Case study:- discitis


Katherine Taylor


A 73 year old gentleman presented with a 4 month history of low back pain with no
history of trauma. He had a 20 year history of low back pain, but the pain over the last
4 months had been significantly worse. The pain was intermittent and initially it
radiated into the right leg and increased with cough and sneeze. The patient reported
that the pain seemed to be moving into the left groin where it was more constant and
pulsating in nature. It increased when he went upstairs and generally decreased with
rest and Ibuprofen. He also described bilateral leg weakness that he felt had come on
with the back pain, meaning that he could only walk for approximately ¼ mile and
gait disturbance. He felt he was pulling to the right when walking. He was suffering
from severe fatigue, which had been worse over the last few months. He was not
suffering from night pain, but he did have night sweats, which he felt had been worse
recently. He described a recent cough, shortness of breath, which was worse when he
was in a cold room and a racing pulse. He had lost 2 lbs in weight recently, but this
had been deliberate. He suffered from urinary frequency, which disturbed his sleep
but this was not new. Ibuprofen appeared to give him constipation.


Discectomy at L5 4 years ago. This had left him with a partial foot drop on the right. 3 years ago- enlarged prostate. PSA blood test 2 weeks earlier-
Chest X-ray 1 month ago - clear.
Oedematous ankles.


His father died of stomach cancer age 59

Fluconide 20 years

This gentleman was about to retire from a part time job. He was a non smoker and
drank very little alcohol. He felt that his mobility had severely decreased over the last
few months, due to fatigue and weakness. He also described suffering from some
recent memory loss.


On examination he had a slow lumbering gait and appeared tired. Assessment of his
lumber spine revealed that flexion to approx 40 degrees increased the tightness across
his thoracic spine but did not increase his leg pain. He achieved 10 degrees of lumbar
extension due to stiffness only. Side flexion was reduced in both directions with no
significant increase in his symptoms. SLR was limited to 70 degrees in both legs, with
the right experiencing pain underfoot on dorsiflexion and no increase in symptoms on
the left. Prone knee bend was positive in the front of the left thigh. The L3 myotome
was significantly decreased on the right, as was L4. The dermatomes were normal, as
were the reflexes. Babinski and Clonus were normal. He did however have significant
pain in his thoracic spine when he tried to lie prone.
Testing of the right hip did not provoke his symptoms in any direction. Testing of the
left hip revealed some discomfort on end range flexion and extension was tight on that

Serious underlying pathology due to Red flags:
Bilateral leg weakness,
Gait disturbance,
Severe fatigue
Night sweats
Thoracic pain
Non segmental symptoms
Recent cough, shortness of breath, and a racing pulse.
Possible diagnoses:
Secondary metastases from a primary cancer e.g. prostate.
Vascular Pathology eg AAA as indicated by pulsating pain in the left groin
Infection indicated by recent night sweats, fatigue and malaise.

An MRI scan was requested along with blood tests including FBC, CRP, ESR, Ren,
Hep, bone, PSA, Thyroid.

ESR 73


There were a number of red flags with this patient.

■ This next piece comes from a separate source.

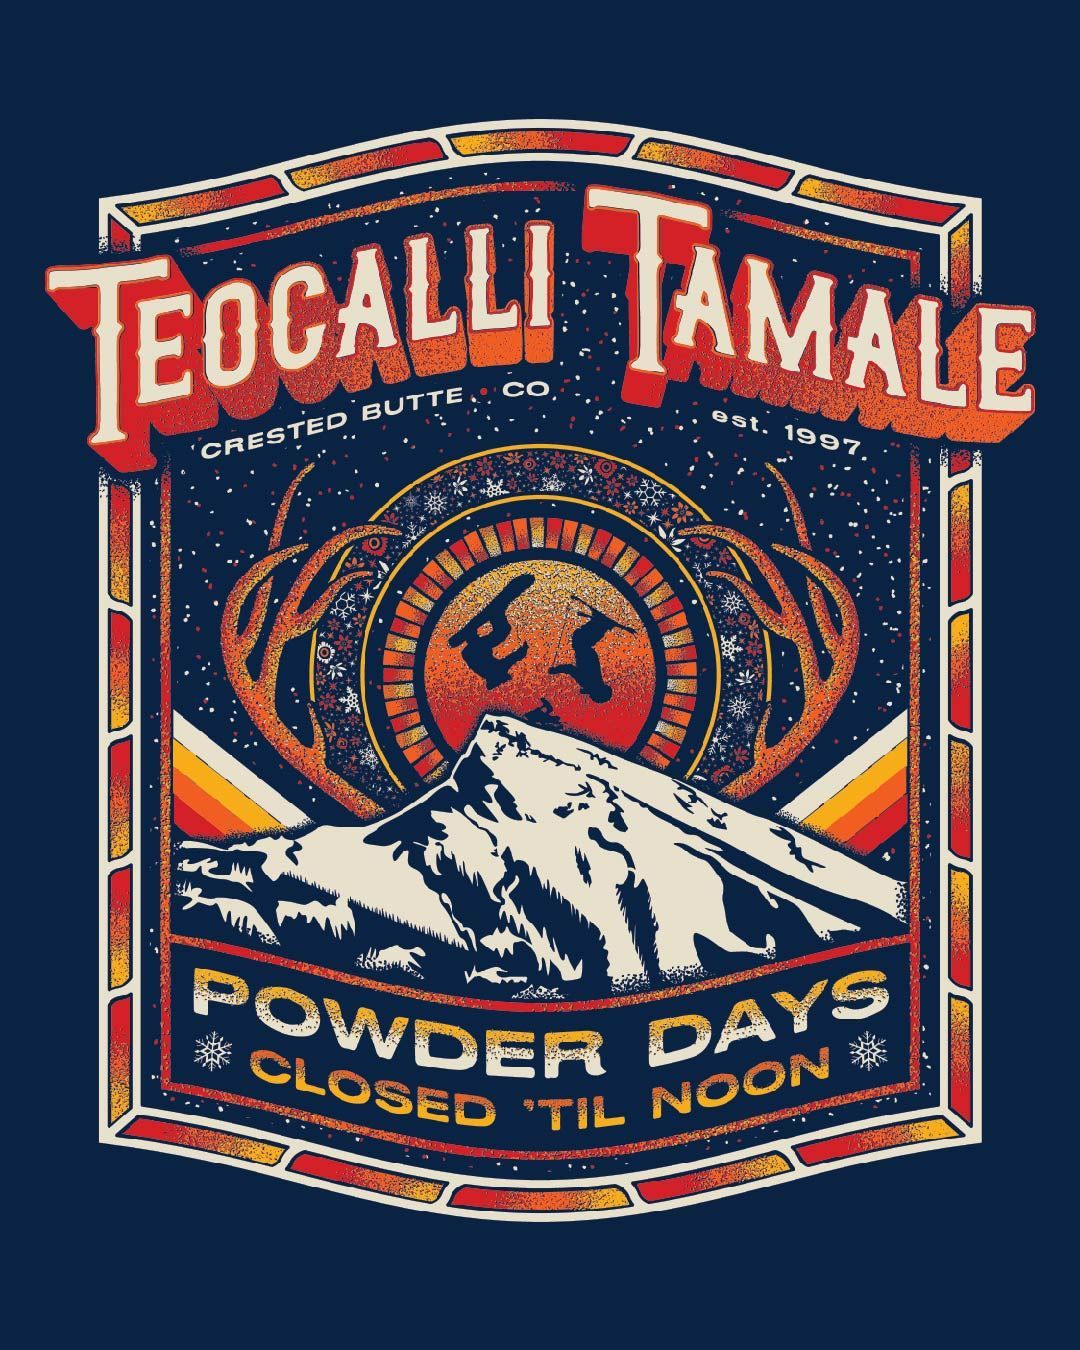 teocalli tamale crested butte co. powder days closed til noon

Age, gait disturbance, bilateral leg
weakness and general severe fatigue. He also described significant night sweats and
objective assessment revealed thoracic pain. These findings were sufficient to give a
strong suspicion of underlying pathology. During the initial assessment he described
a racing pulse, some shortness of breath and a cough. This gentleman had had a recent
clear chest X-ray. But they could have been indictors of lung pathology, infection or
cardiac pathology.
Although there were a significant number of red flags this patient did not present as
being overly distressed. He was not in extreme discomfort and his range of movement
was relatively pain free. The movement causing him the most pain was lying prone
which caused him to cry out at the pain in his thoracic spine.
Once noted, the red flags were acted on by the requesting of an urgent MRI scan and
the appropriate blood tests. 2 days later however the patient became so ill that he was
admitted into intensive care. He was found to have an infected spinal disc as
determined by MRI scan (level unknown as this was verbally reported by G.P. who
did not have the full result). The plan had been to drain the disc and commence
antibiotics. It was then that the patient was discovered to have bacterial endocarditis
and septicaemia. Subsequently this patient went into renal failure, which resolved and
on the last report he was still in hospital awaiting a mitral valve replacement. He
remained however very poorly.
By close questionning of this patient it was possible to identify red flags which then
could be acted on with speed. The patient was sent with a covering letter to A+E
documenting all the relevant information. Unfortunately this patient's condition was
very advanced and the full outcome is not known.I tdoes however highlight the need
to be able to identify red flags in occupational health.